*AIM OF THE EXERCISE*. Copying rule for the data below: pictures stay out, and only the lines from the one with "Knitting Yarn Yarn" down to the one with "Synology 2022 AND", inclusive, are repeated exactly.

*GIVEN RECORDS*.
###
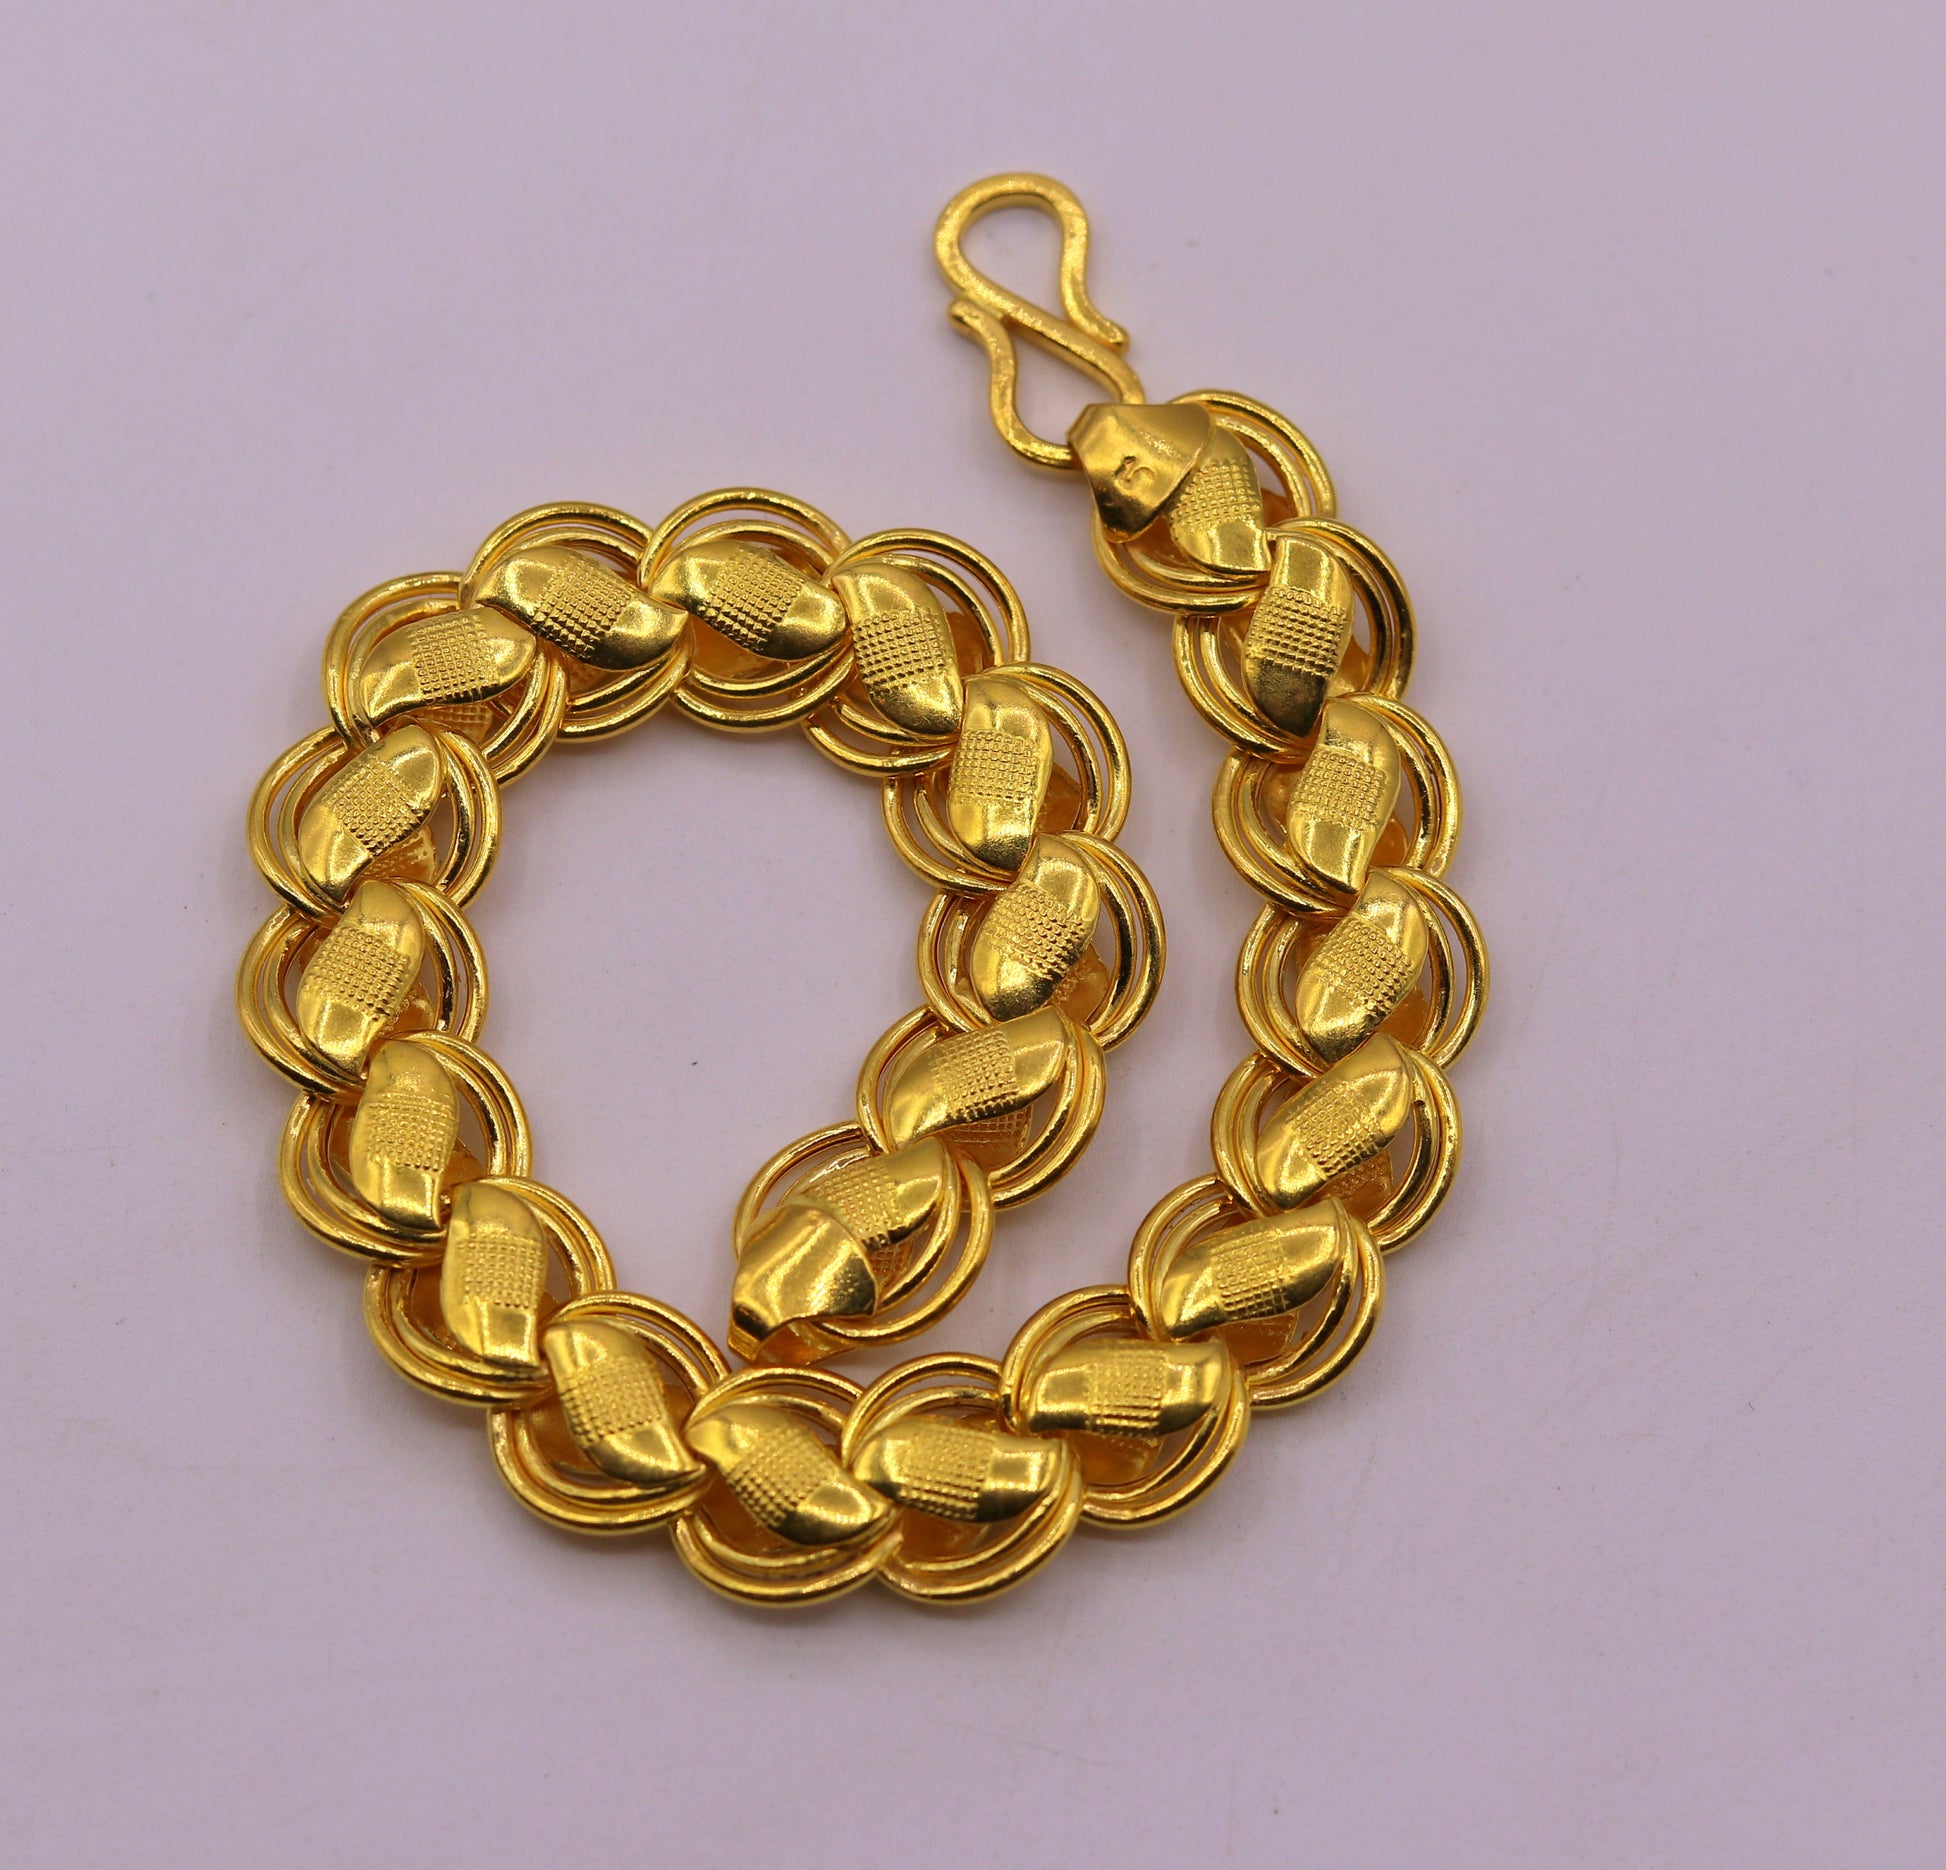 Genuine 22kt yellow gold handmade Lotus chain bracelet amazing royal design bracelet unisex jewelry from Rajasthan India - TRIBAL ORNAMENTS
###
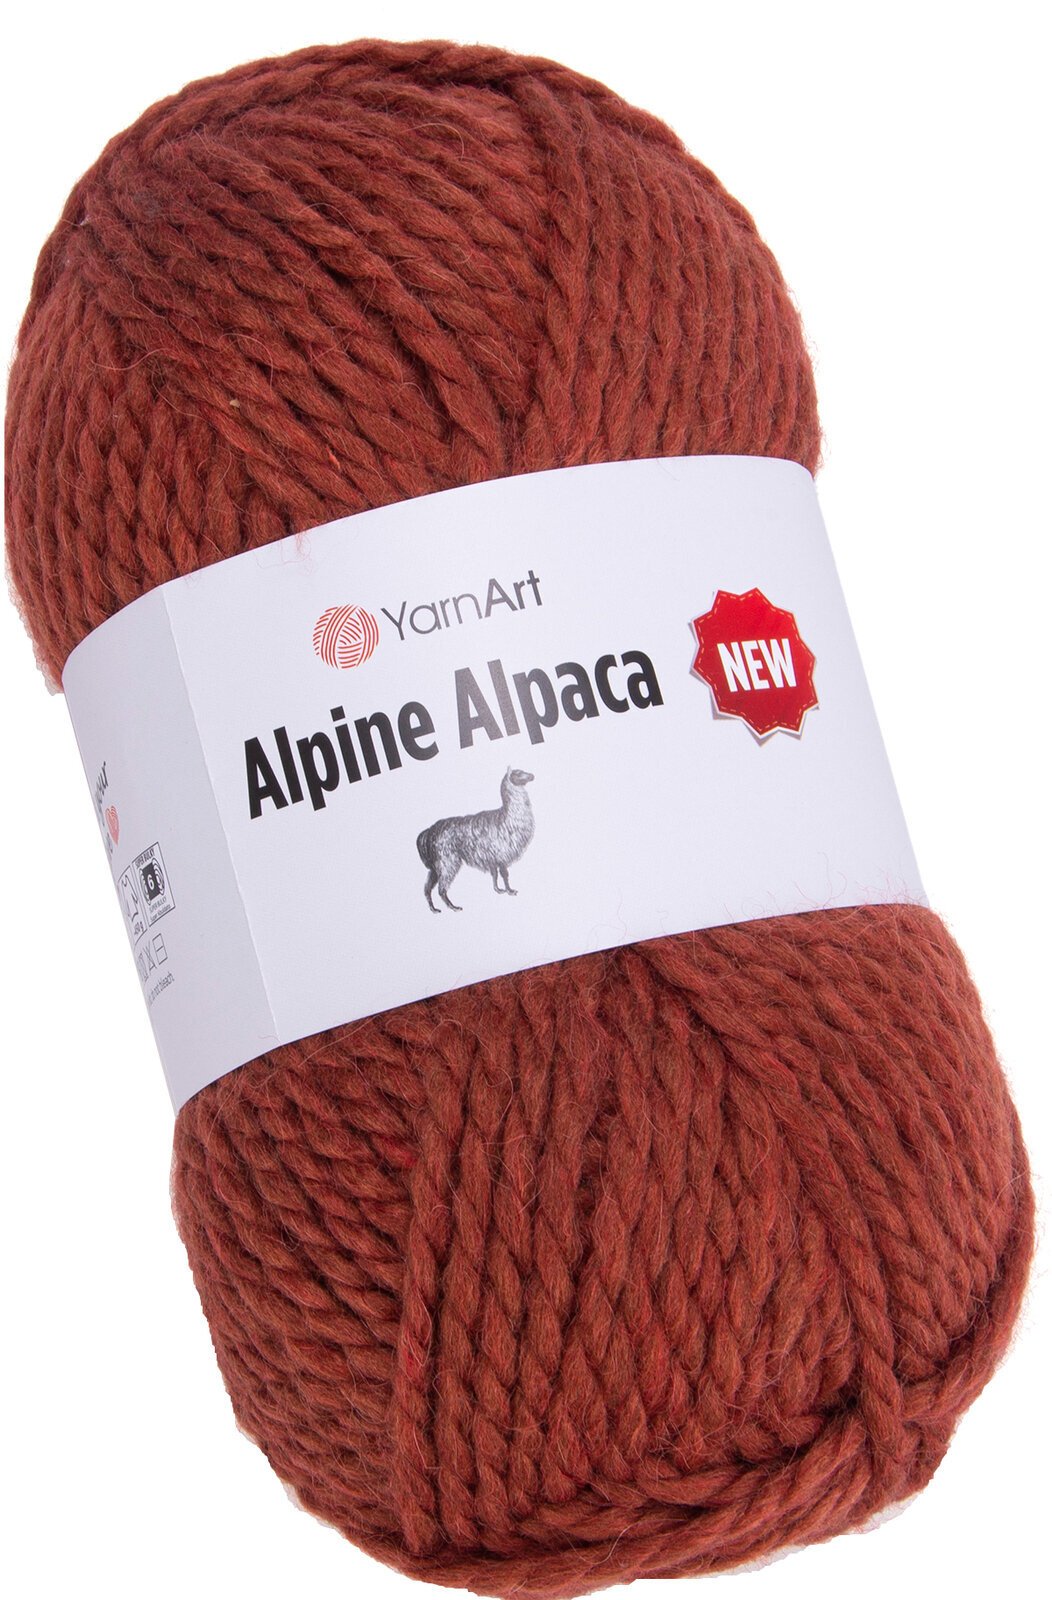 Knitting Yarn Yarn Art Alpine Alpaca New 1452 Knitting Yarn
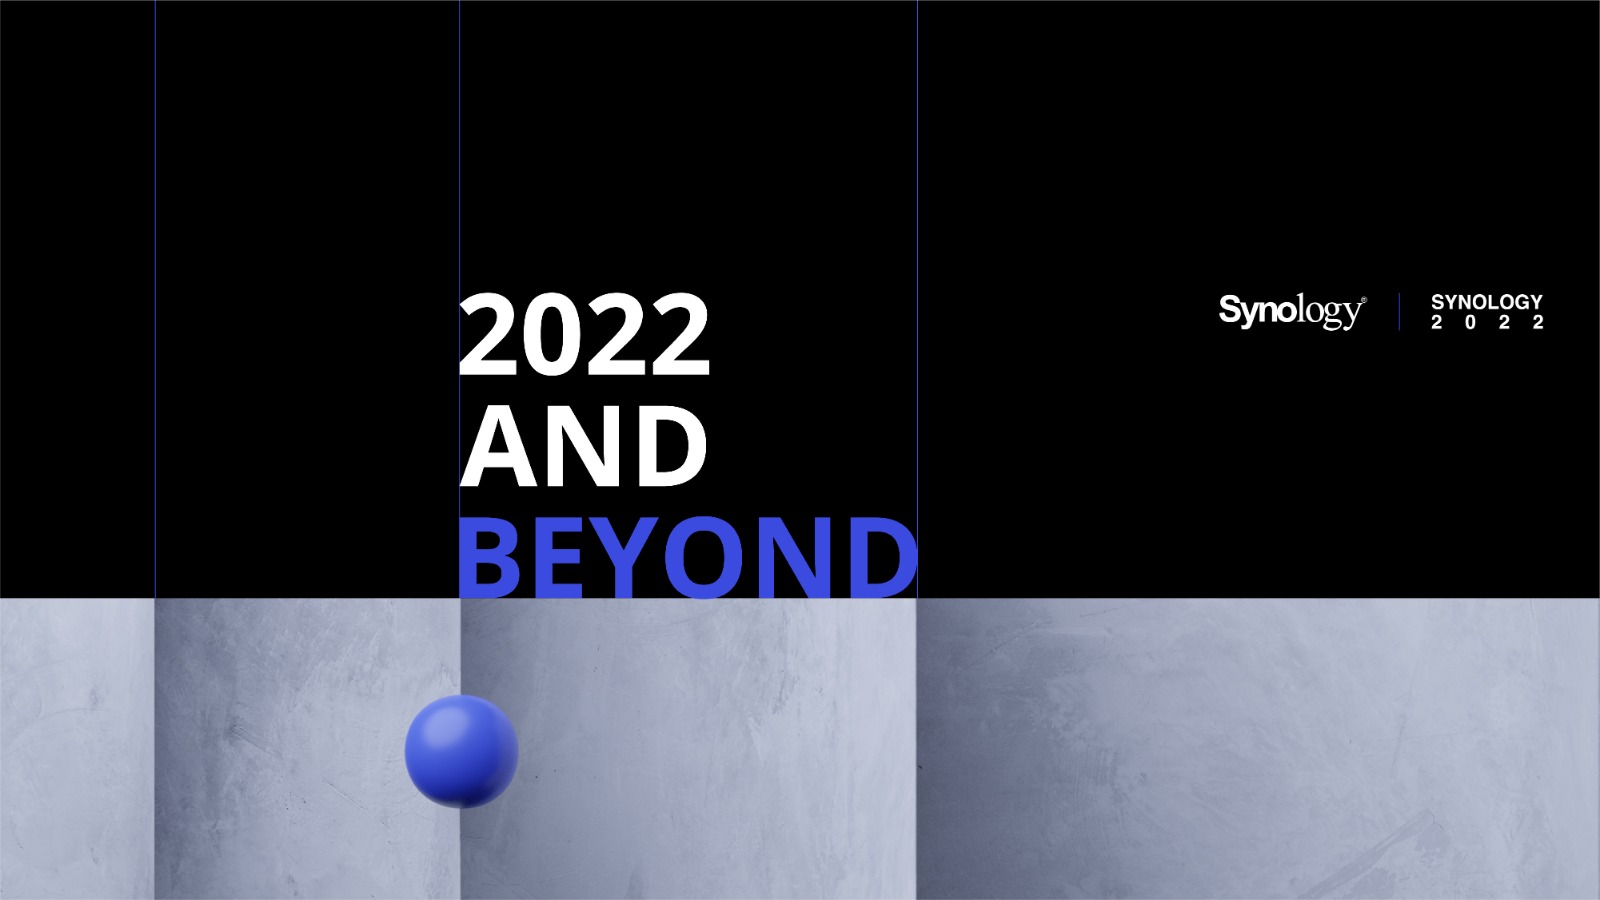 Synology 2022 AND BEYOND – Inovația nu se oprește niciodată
###
*REPLY*.
 Knitting Yarn Yarn Art Alpine Alpaca New 1452 Knitting Yarn
 Synology 2022 AND BEYOND – Inovația nu se oprește niciodată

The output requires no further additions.